Developing such programs in Texas poses unique challenges, Birk said, because the cities are more spread out and less crowded than in many other states.
“When you have very high density but that smaller footprint, you also have a competition over space and a lot of humans debating how we use that space,” Birk said. Many Texas cities, she said, have almost the opposite problem: so much space that it is more difficult to convince people that biking is a practical way to get around.
Advocates often stress the value of biking for short trips and as a means of connecting with public transportation.
“About two to three miles is the sweet spot where it really can be more efficient and faster to take a bike,” said Annick Beaudet, a City of Austin planner who had previously worked as bicycle program manager for the city.

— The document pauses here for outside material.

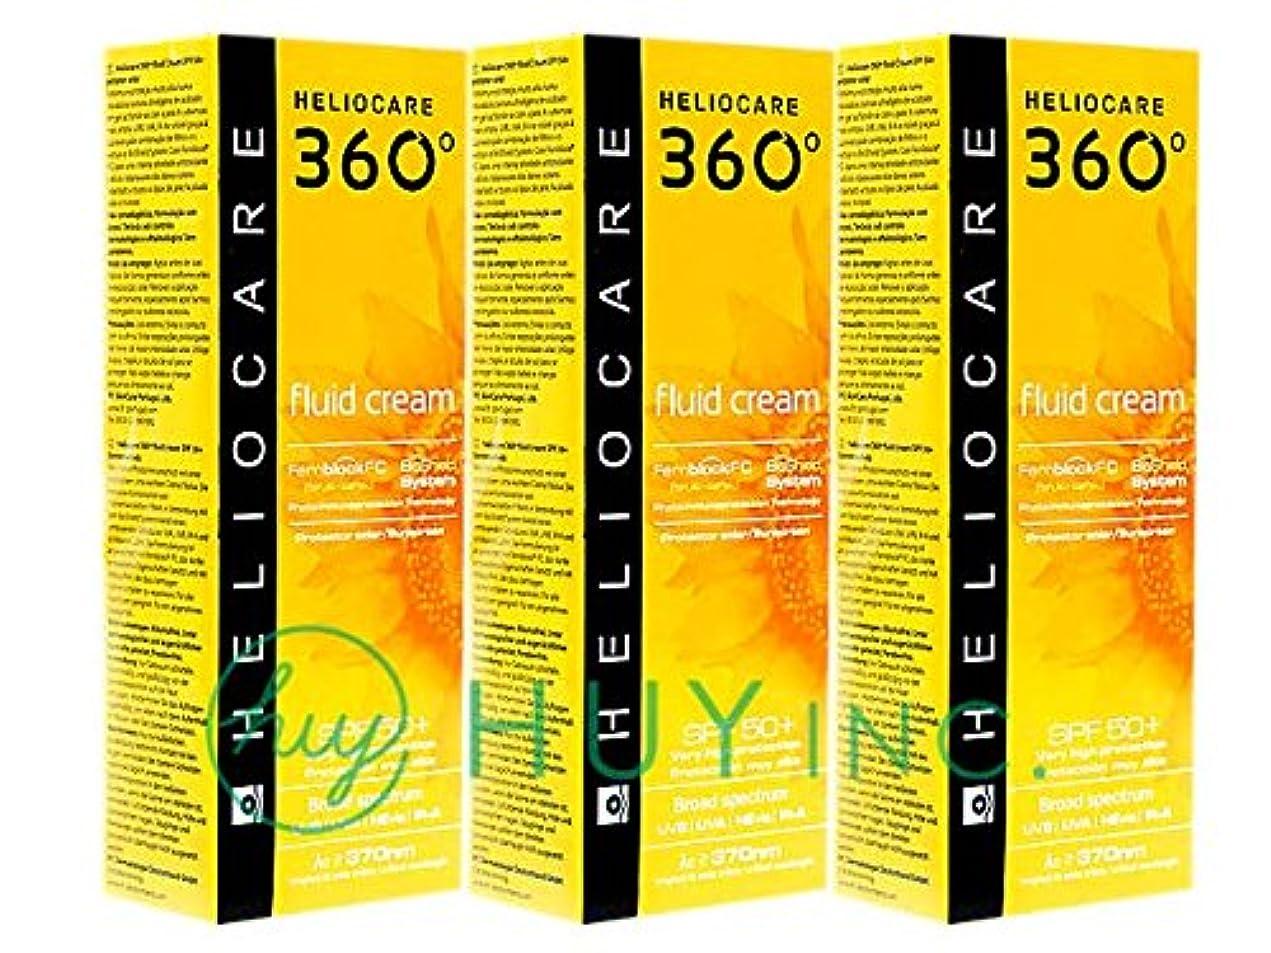 インドゴルフ手当ヘリオケア 360°フルイドクリーム(Heliocare360FluidCream)SPF50+ 3ボトル(50ml×3) [並行輸入品]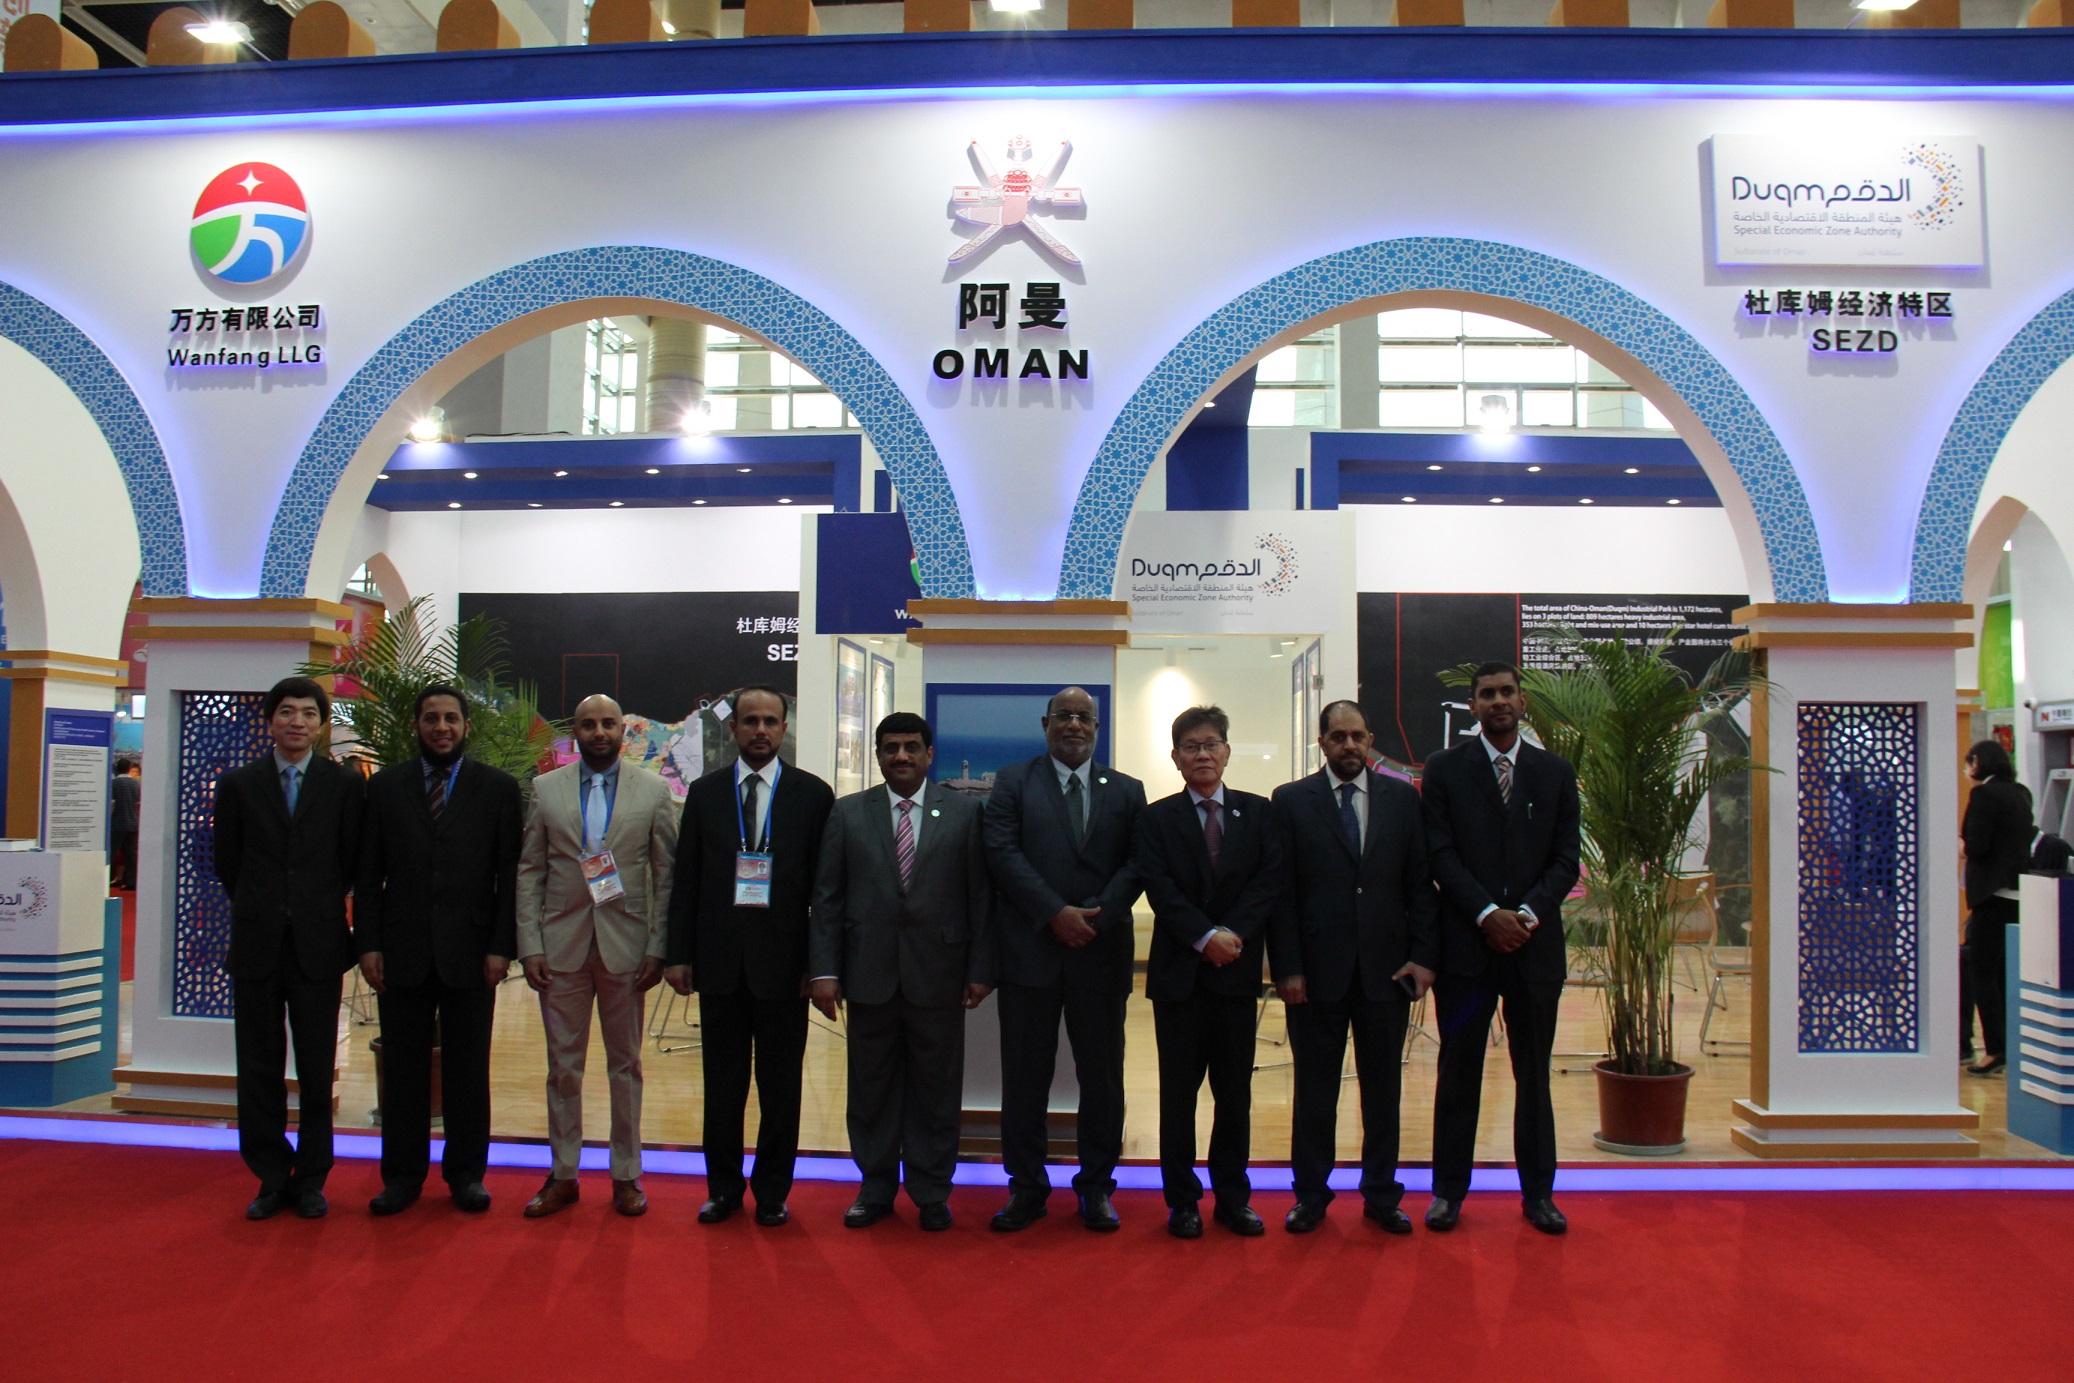 جناح السلطنة في معرض الصين والدول العربية يحظى باهتمام الزوار

Here’s more about Austin’s forthcoming bike share program, and about El Paso’s program, which has run into some obstacles. This is a quality of life issue first and foremost, even more than it is a transportation issue. A lot of people want to live in the inner urban core, younger people especially. Driving and especially parking becomes problematic because there isn’t the space to easily accommodate everyone and their cars. Facilitating biking, especially for short trips, alleviates a lot of these problems and makes it more practical for amenities like bars, restaurants, and small retail to exist. That often requires ordinance and code changes as well, but the cities are dealing with those as well. The cities are competing with the suburbs and outlying areas for new residents and businesses. Solving these problems, and making their spaces be the kind of places new residents want to live is the key.